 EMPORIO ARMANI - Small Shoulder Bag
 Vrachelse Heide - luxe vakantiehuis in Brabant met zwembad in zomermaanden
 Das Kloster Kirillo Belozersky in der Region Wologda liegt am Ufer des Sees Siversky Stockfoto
==
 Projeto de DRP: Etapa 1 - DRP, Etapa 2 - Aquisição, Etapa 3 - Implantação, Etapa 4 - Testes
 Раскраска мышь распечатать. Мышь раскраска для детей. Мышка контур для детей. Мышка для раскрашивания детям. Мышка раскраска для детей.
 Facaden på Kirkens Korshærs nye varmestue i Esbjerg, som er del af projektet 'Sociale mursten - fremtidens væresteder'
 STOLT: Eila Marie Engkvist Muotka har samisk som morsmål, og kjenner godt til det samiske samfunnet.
...
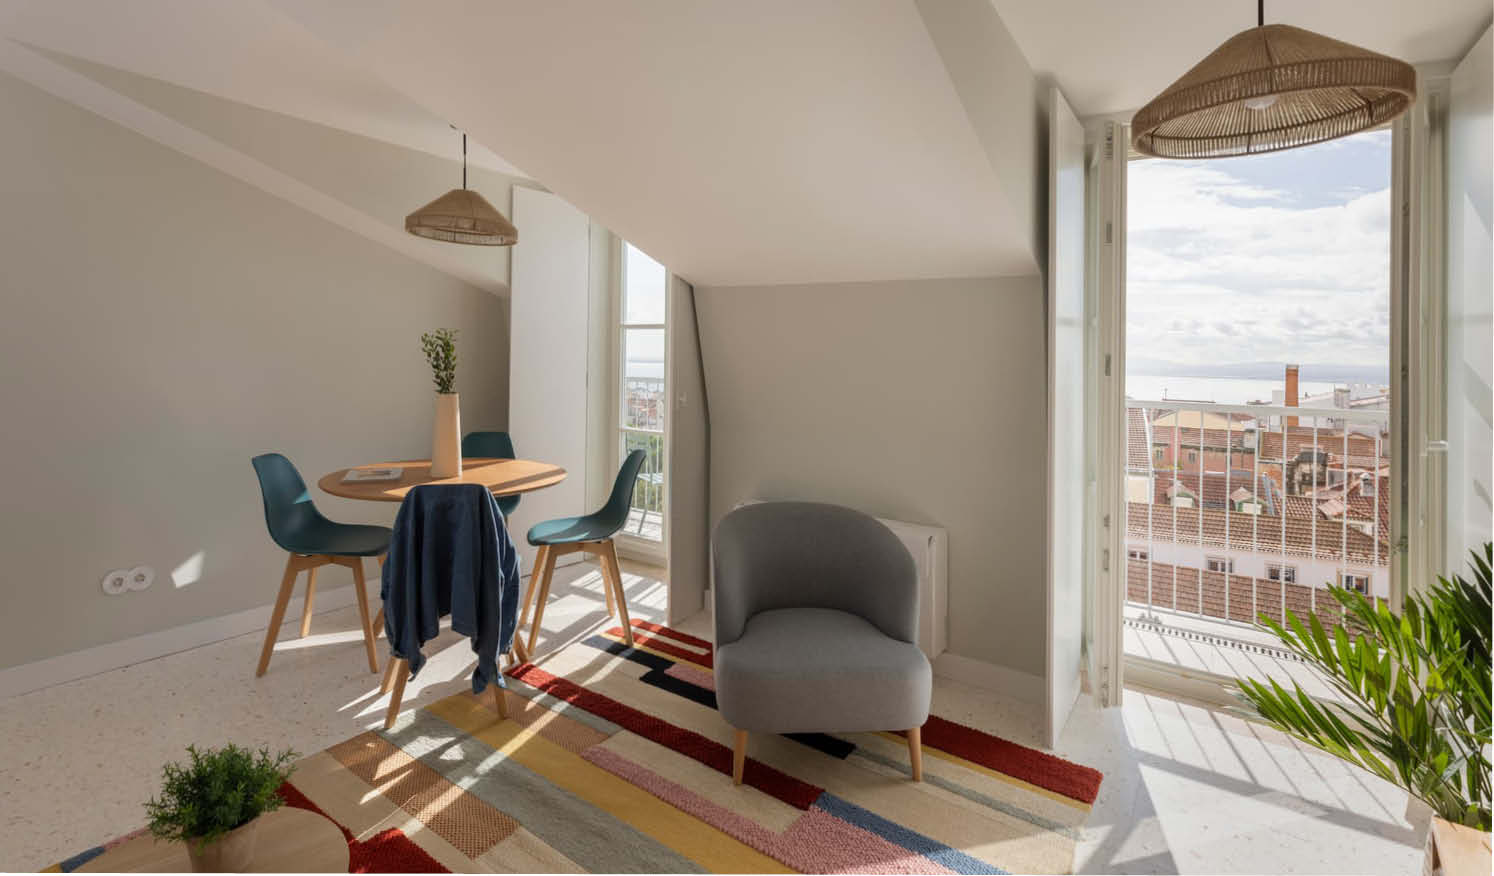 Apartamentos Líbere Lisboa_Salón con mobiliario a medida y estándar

**Task goal:** Could you restate word for word the lines above from the one containing "EMPORIO ARMANI - Small Shoulder Bag" through the one containing "Das Kloster Kirillo", both included, and nothing else?

**Exercise answer:**
 EMPORIO ARMANI - Small Shoulder Bag
 Vrachelse Heide - luxe vakantiehuis in Brabant met zwembad in zomermaanden
 Das Kloster Kirillo Belozersky in der Region Wologda liegt am Ufer des Sees Siversky Stockfoto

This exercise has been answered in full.